Difteri terus memakan korban hingga meninggal dunia. Waspadai gejalanya!

Melonjaknya kasus penyakit difteri secara signifikan di tahun 2017 ini mendapuknya menjadi Kejadian Luar Biasa (KLB)

5,998 views   |   11 shares
  • Di pengujung tahun 2017 yang segera berakhir, Indonesia mendapatkan sebuah ujian besar, datang dari dunia kesehatan. Penyakit difteri marak terjadi di Tanah Air. Angkanya signifikan dalam kurun waktu singkat, sehingga dikategorikan sebagai Kejadian Luar Biasa (KLB).

  • Berdasarkan data Kementerian Kesehatan, hingga November 2017 dilaporkan telah terjadi 622 kasus yang menelan korban 32 jiwa. Difteri ditemukan di 95 daerah kota dan kabupaten yang tersebar di 20 provinsi di penjuru Tanah Air. Dalam kurun waktu Oktober hingga November 2017 saja, 11 provinsi menyatakan difteri terjadi sebagai KLB di wilayah mereka. Uniknya, Pulau Jawa yang pembangunannya termaju di Indonesia malah menyumbangkan angka kasus terbanyak, yaitu 474 kasus dengan 26 korban jiwa.

  • Apa itu penyakit difteri?

  • Difteri terjadi akibat infeksi bakteri Corynebacterium diphtheriae. Infeksi ini menyerang selaput lendir pada hidung dan tenggorokan. Gejala-gejala akan muncul 2-5 hari pasca infeksi, di antaranya demam, menggigil, kelenjar pada leher membengkak, batuk keras seperti "menggonggong", nyeri tenggorokan, kulit nampak kebiruan, banyak mengeluarkan air liur, dan rasa tidak nyaman. Gejala tambahan dapat terlihat seperti sulit bernapas, sulit menelan, gangguan penglihatan, gangguan bicara, hingga tanda-tanda syok (kulit dingin, berkeringat banyak, dan detak jantung sangat cepat).

  • Ciri atau tanda khas yang menunjukkan penyakit difteri adalah munculnya lapisan abu-abu di belakang tenggorokan. Lapisan ini tebal, sehingga mampu menghalangi jalan pernapasan. Lapisan abu-abu ini muncul akibat toksin yang dikeluarkan oleh bakteri dan masuk ke dalam sistem peredaran darah.

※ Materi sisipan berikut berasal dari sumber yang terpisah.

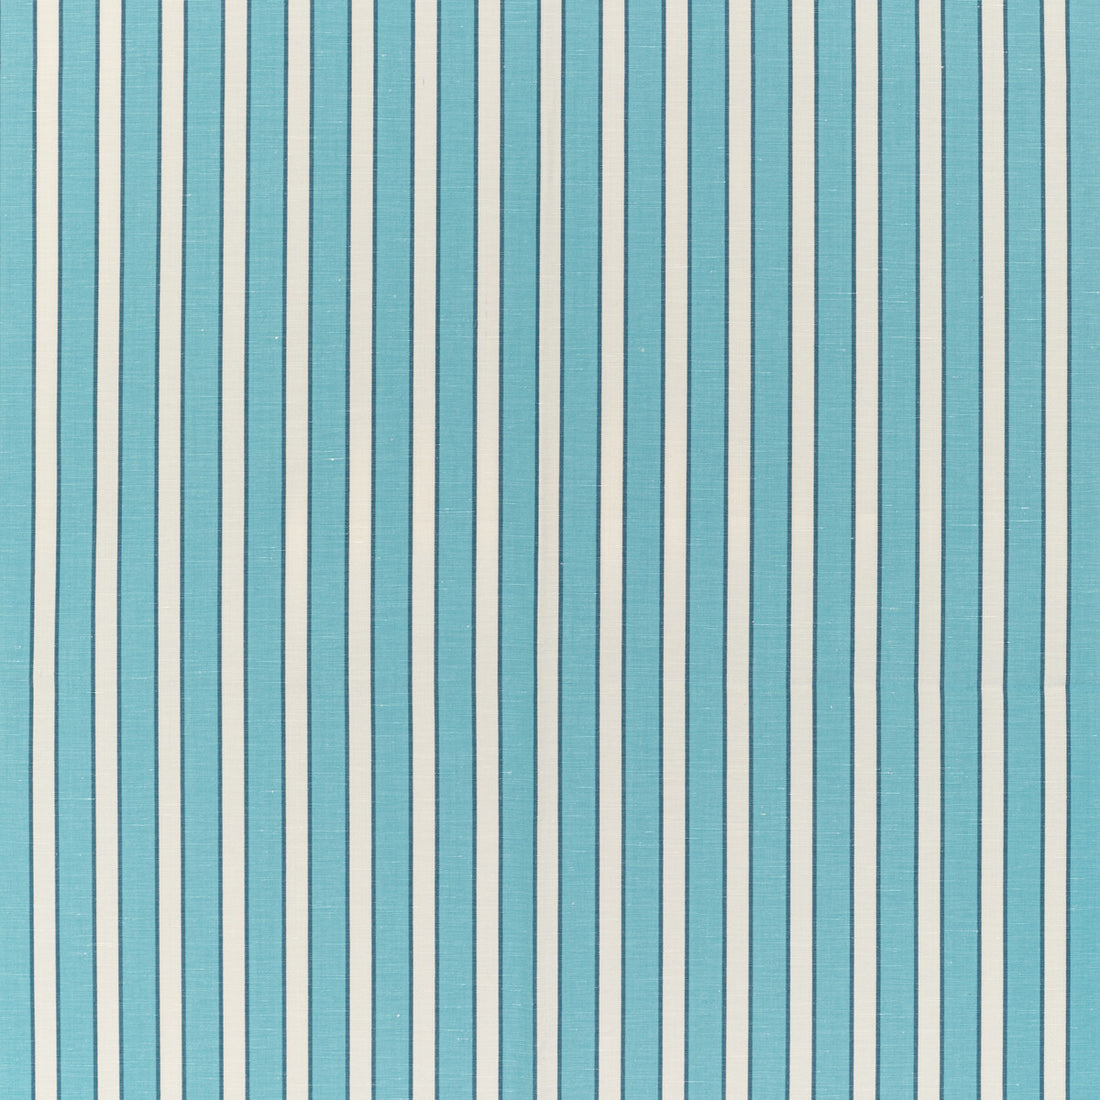 Rouen Stripe fabric in aqua color - pattern 8022117.535.0 - by Brunschwig &amp; Fils in the Normant Checks And Stripes II collection
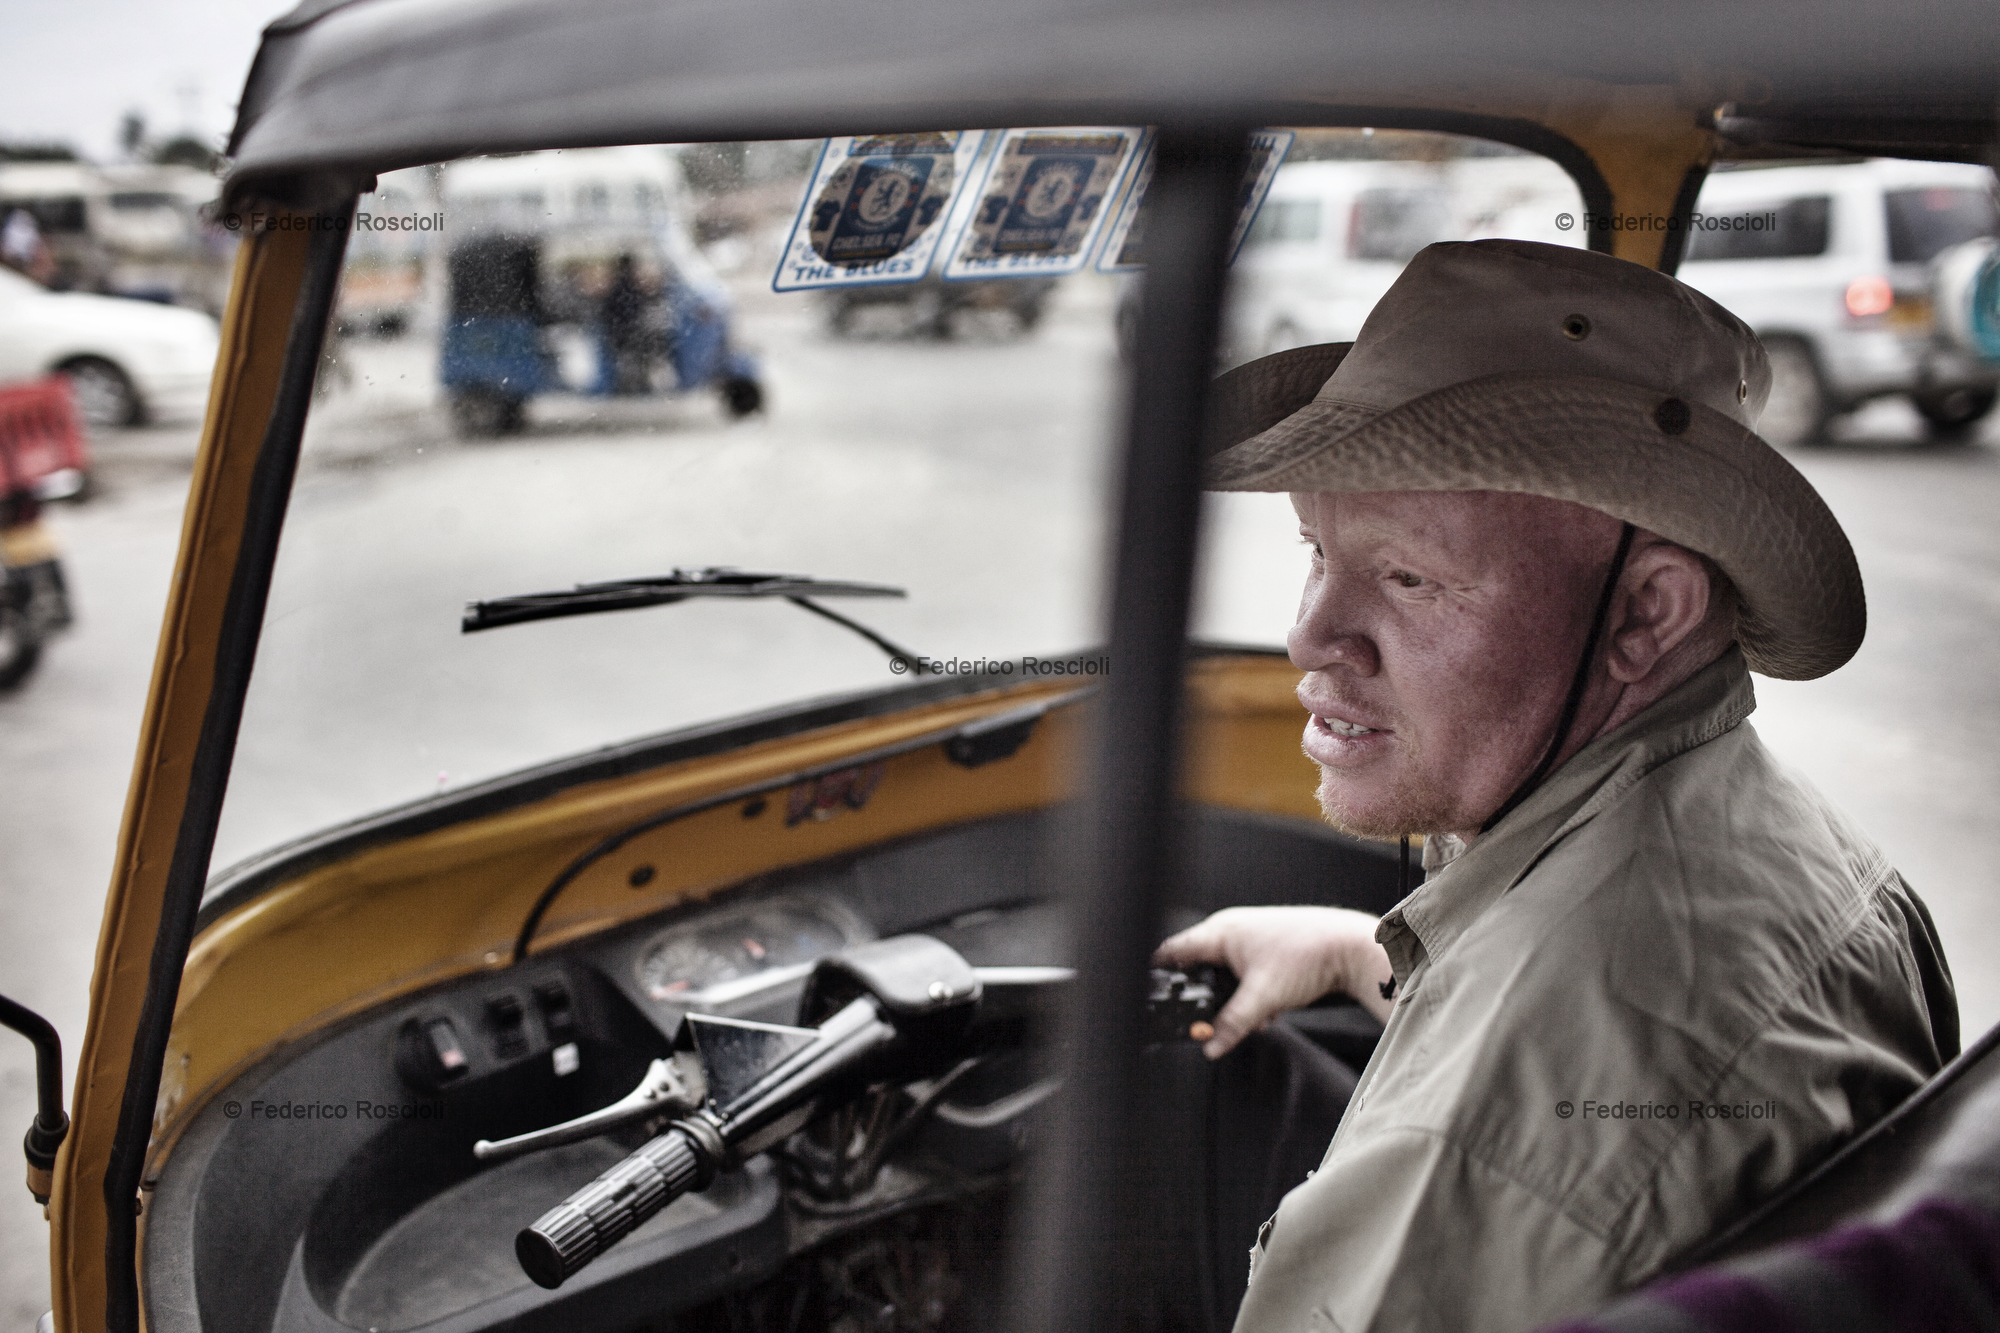 Dar es Salaam, Tanzania, July 29, 2014 - Redman in his room. He is a bajaj driver in Dar es Salaam, Tanzania. Despite albinism, he has been a driver for 9 years, the last 3 on a bajaj. A Bajaj is a three-wheel taxi, perfect to move in Dar traffic. Being covered on the top, it is also a shield from the sun for an albino.

  • Selain gejala umum, penyakit difteri bisa saja mengacu kepada satu jenis penyakit lagi, yang disebut difteri kulit. Penyakit ini lumrah terjadi di daerah beriklim tropis. Penandanya terlihat pada kulit, yaitu kemerahan, membengkak, dan terasa nyeri. Lapisan abu-abu juga biasanya muncul pada tenggorokan.

  • Difteri dapat menyebabkan komplikasi, jika tidak dirawat. Beberapa komplikasi yang mungkin terjadi adalah kerusakan otot jantung, kerusakan saraf, radang paru-paru, dan kesulitan bergerak seperti lumpuh. Tanpa perawatan, seorang penderita difteri hanya punya kesempatan 50% untuk bertahan hidup.

  • Advertisement
  • Seseorang yang mengidap difteri dapat menularkan kepada orang lain yang tidak kebal terhadap bakteri penyebabnya, hingga 6 minggu setelah dirinya terinfeksi. Penularannya dapat terjadi melalui udara (napas, bersin, air liur), barang-barang pribadi yang tercemar bakteri dan tidak tercuci bersih.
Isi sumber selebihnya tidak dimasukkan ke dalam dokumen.